Descriptive statistics are displayed in Table 1.
audiovideo | trained | mean_points | se |
---|---|---|---|
audio | untrained | 52.76 | 1.27 |
audio | trained | 53.74 | 1.55 |
audio+video | untrained | 49.92 | 1.01 |
audio+video | trained | 40.42 | 1.12 |
In the audio condition, there did not appear to be a difference between trained and non-trained scores. However, untrained scored higher than trained in the audio+video condition. This suggested that there may be an interaction (see Figure 1).
Accuracy of veracity judgements (measured by points scored in lie-detecting game) were analysed with a 2 (audio vs audiovideo) \(\times\) 2 (untrained vs trained) between-subjects ANOVA.

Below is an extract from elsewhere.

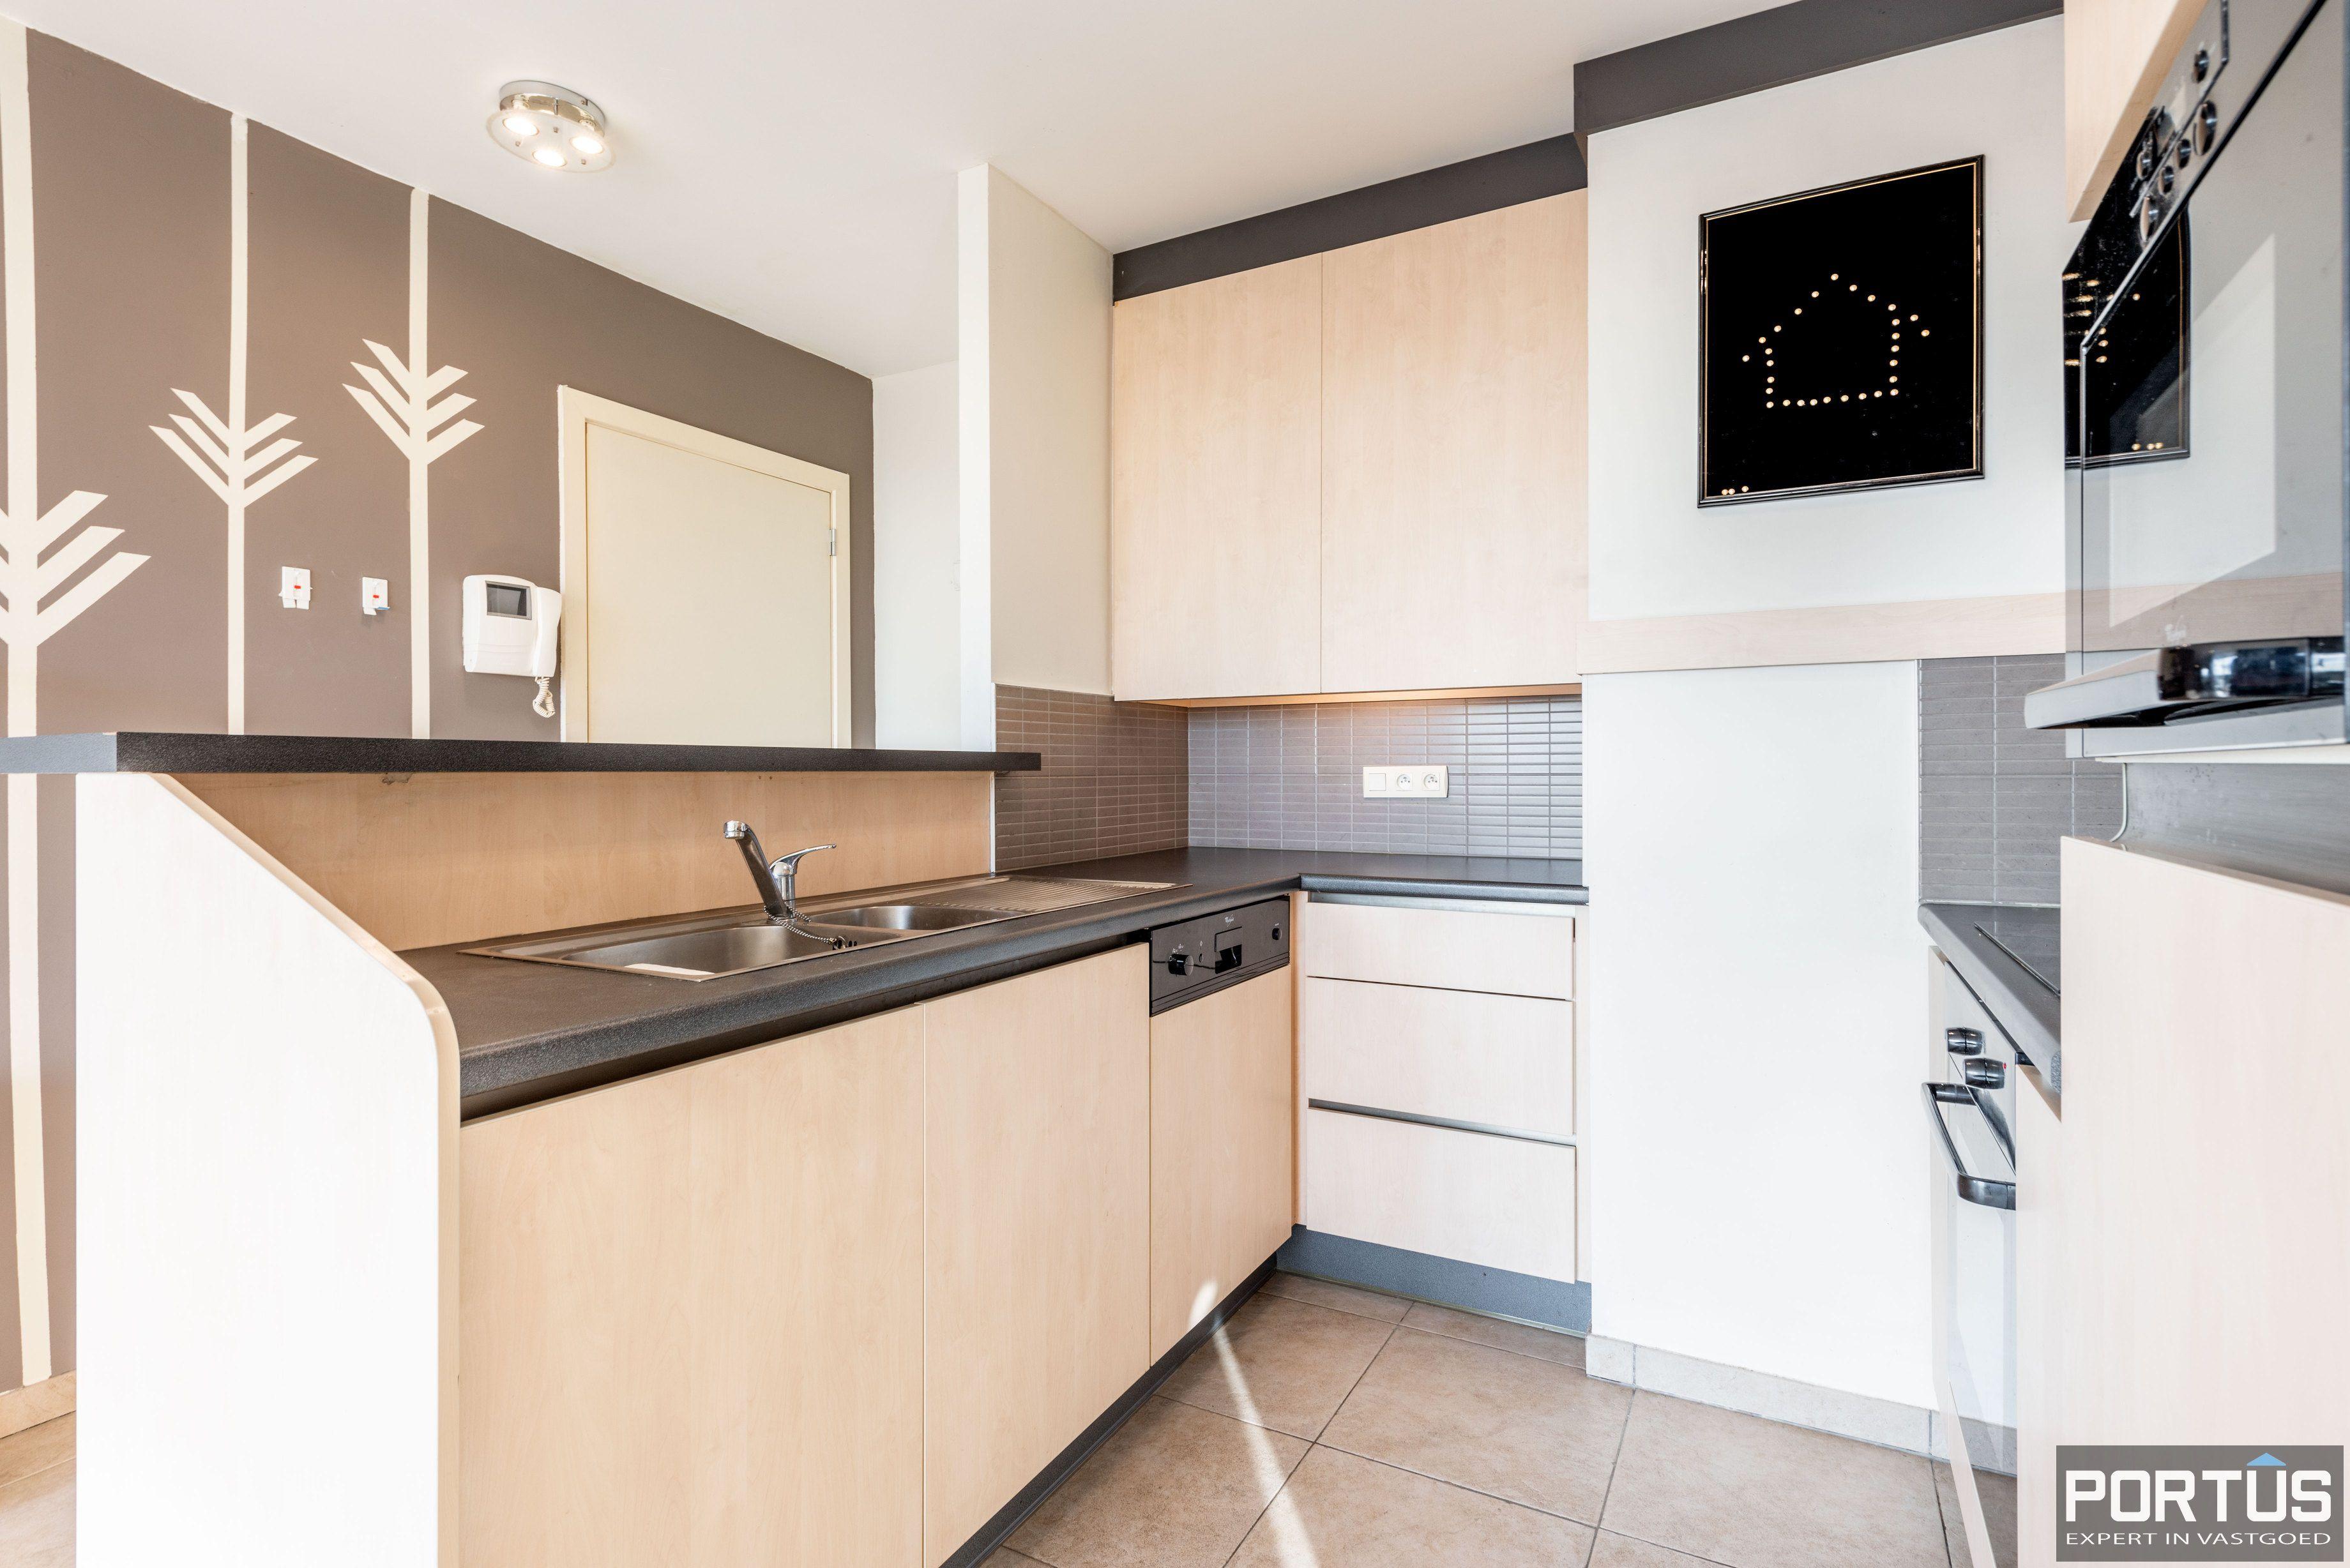 Instapklaar zongericht appartement te koop te Nieuwpoort - 9048

The model met assumptions of linearity and independence (see top left panel of Figure 2; residuals were randomly scattered with a mean of zero and there was no clear dependence), homoscedasticity (see bottom left panel of Figure 2; there was a constant spread of residuals), and normality (see top right panel of Figure 2; the QQplot showed very little deviation from the diagonal line).
There was a significant interaction between presentation mode and whether or not participants had received training for detecting lies \(F(1, 116) = 17.37, p <. 001\) (see Table 2).

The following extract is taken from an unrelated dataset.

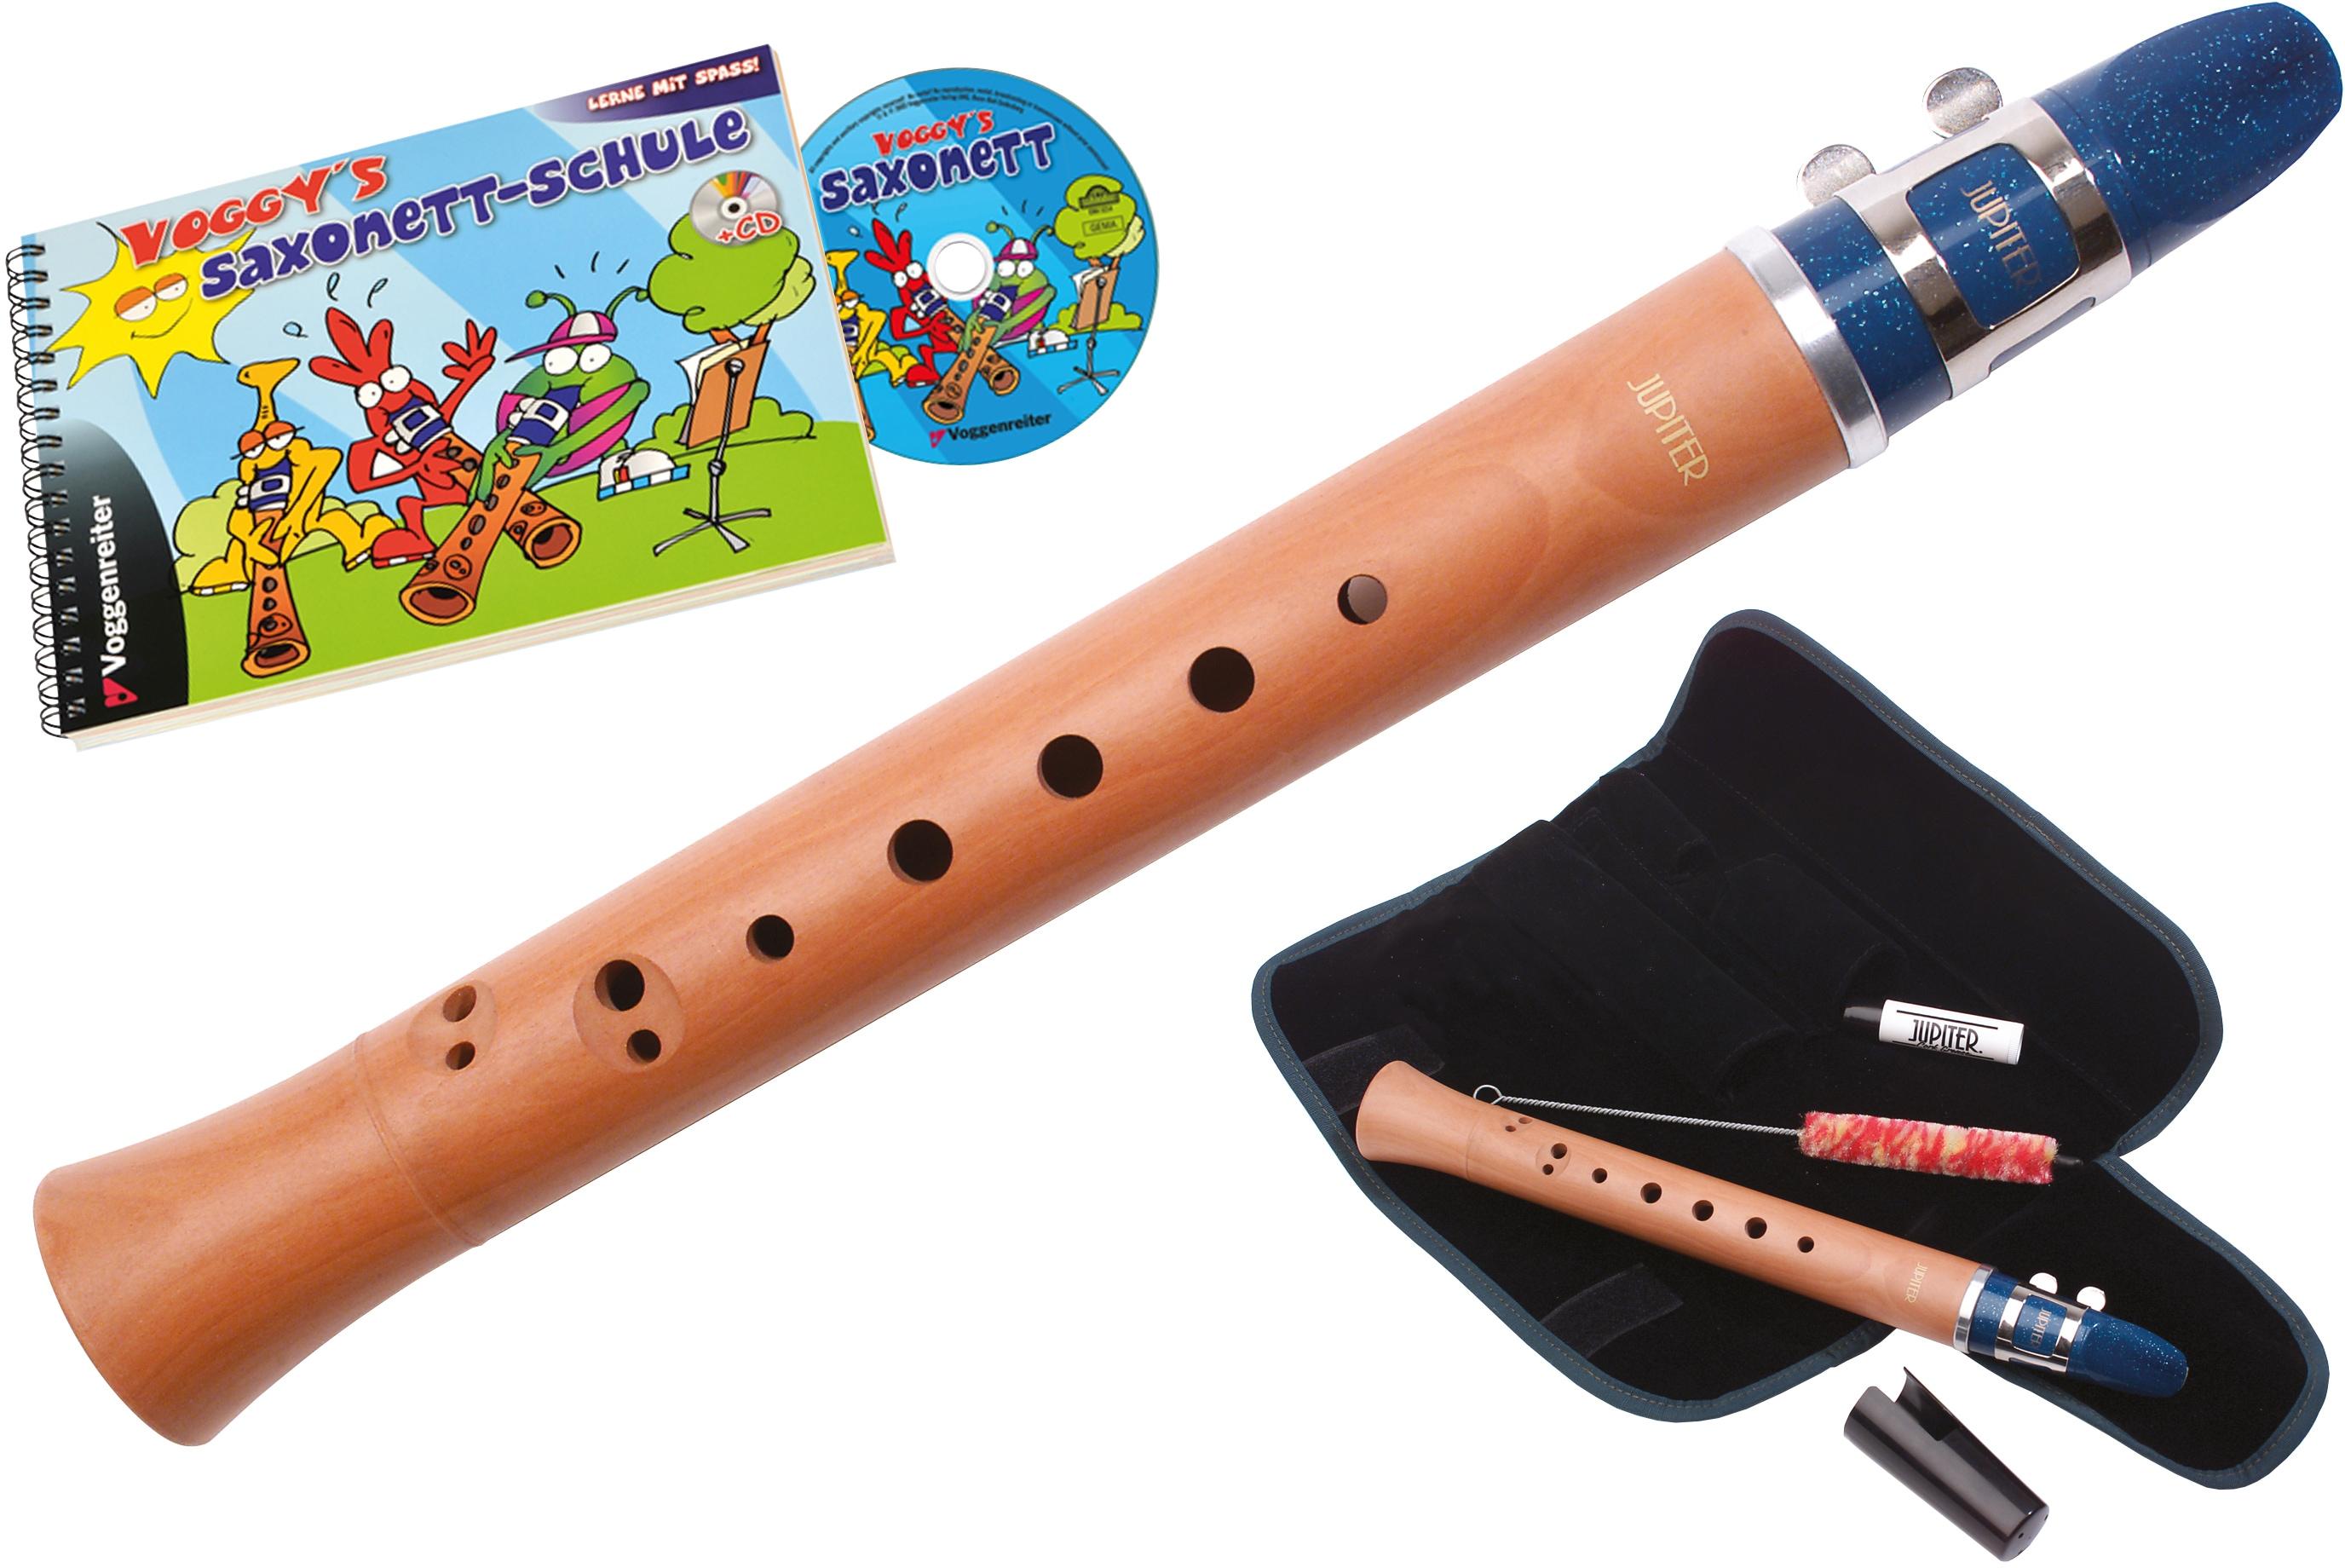 Voggenreiter Saxonett Voggys Saxonett-Set, C-Dur, Deutsch braun Blasinstrumente Musikinstrumente Audio, MP3, Musik

Df | Sum Sq | Mean Sq | F value | Pr(>F) | |
---|---|---|---|---|---|
audiovideo | 1 | 1957.71 | 1957.71 | 41.26 | 0.00e+00 |
trained | 1 | 545.85 | 545.85 | 11.50 | 9.50e-04 |
audiovideo:trained | 1 | 824.20 | 824.20 | 17.37 | 5.95e-05 |
Residuals | 116 | 5503.63 | 47.45 | NA | NA |
As displayed in Figure 3, results suggested that the difference in points did not differ significantly in the audio condition regardless of training, but that there were significant differences in the audio-video condition where untrained participants had higher accuracy scores than trained.

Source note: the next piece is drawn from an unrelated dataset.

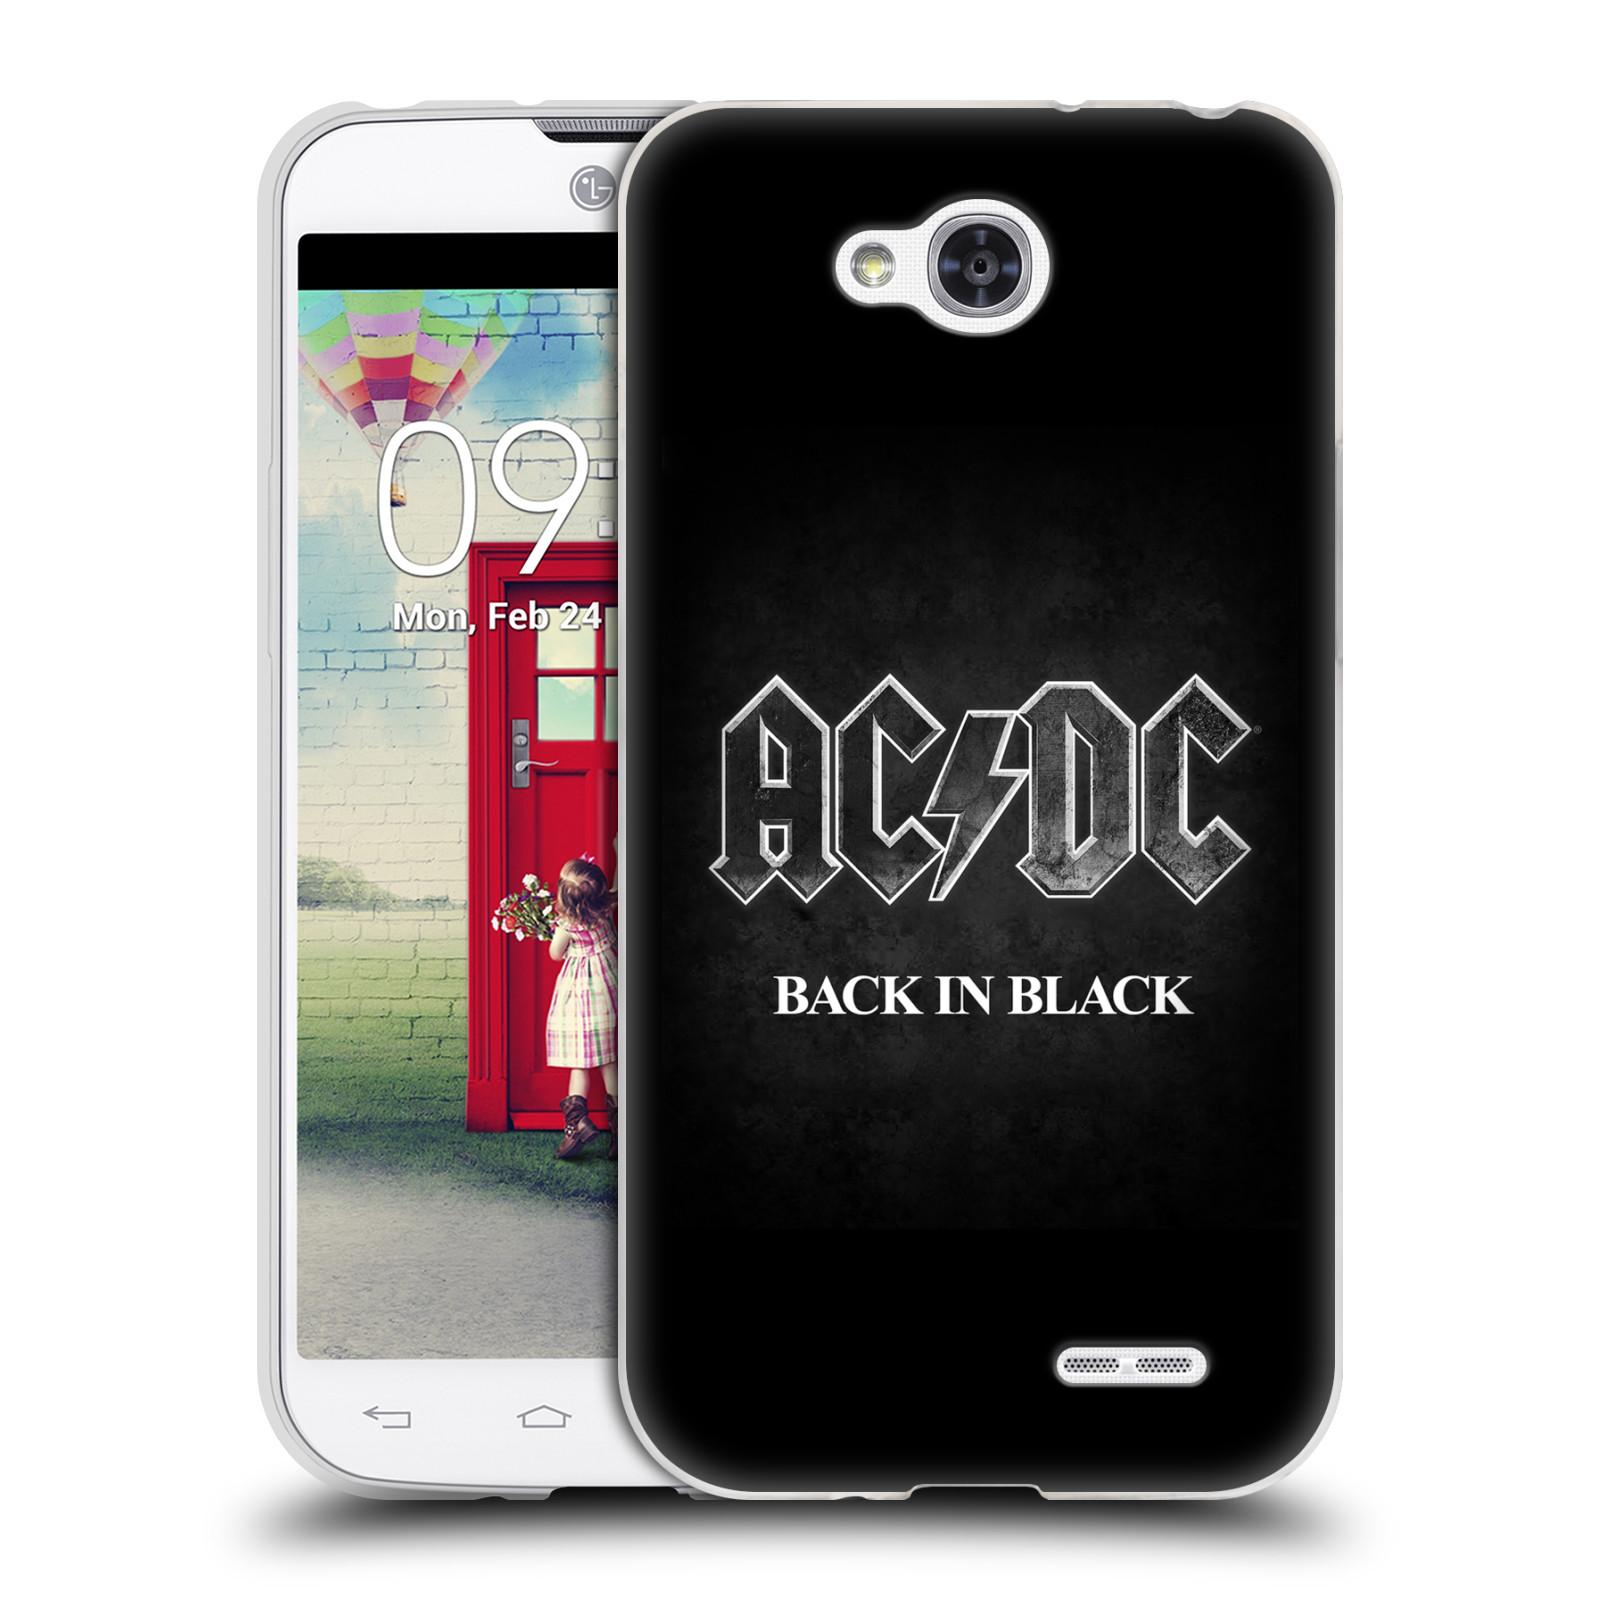 Silikonové pouzdro na mobil LG L90 HEAD CASE AC/DC BACK IN BLACK (Silikonový kryt či obal na mobilní telefon s oficiálním motivem australské skupiny AC/DC pro LG L90 D405n)

To explore the interaction further, pairwise comparisons were conducted. Tukey’s Honestly Significant Difference comparisons (see Figure 4) indicated that, contrary to what one might expect, participants who were presented with audiovisual recordings scored on average 9.5 points lower when they had read the police training materials compared to when they had received no training (95% CI [4.87 — 14.14]). The presentation mode (audio vs audio-video) was not found to result in a significantly different average score for those who were untrained (95% CI [-1.80 — 7.47]), and nor did training appear to have any effect on detecting lies in the audio-only condition (95% CI [-5.61 — 3.66]).
Act III: Discussion
Attempt to draft a discussion section based on your results and the analysis provided.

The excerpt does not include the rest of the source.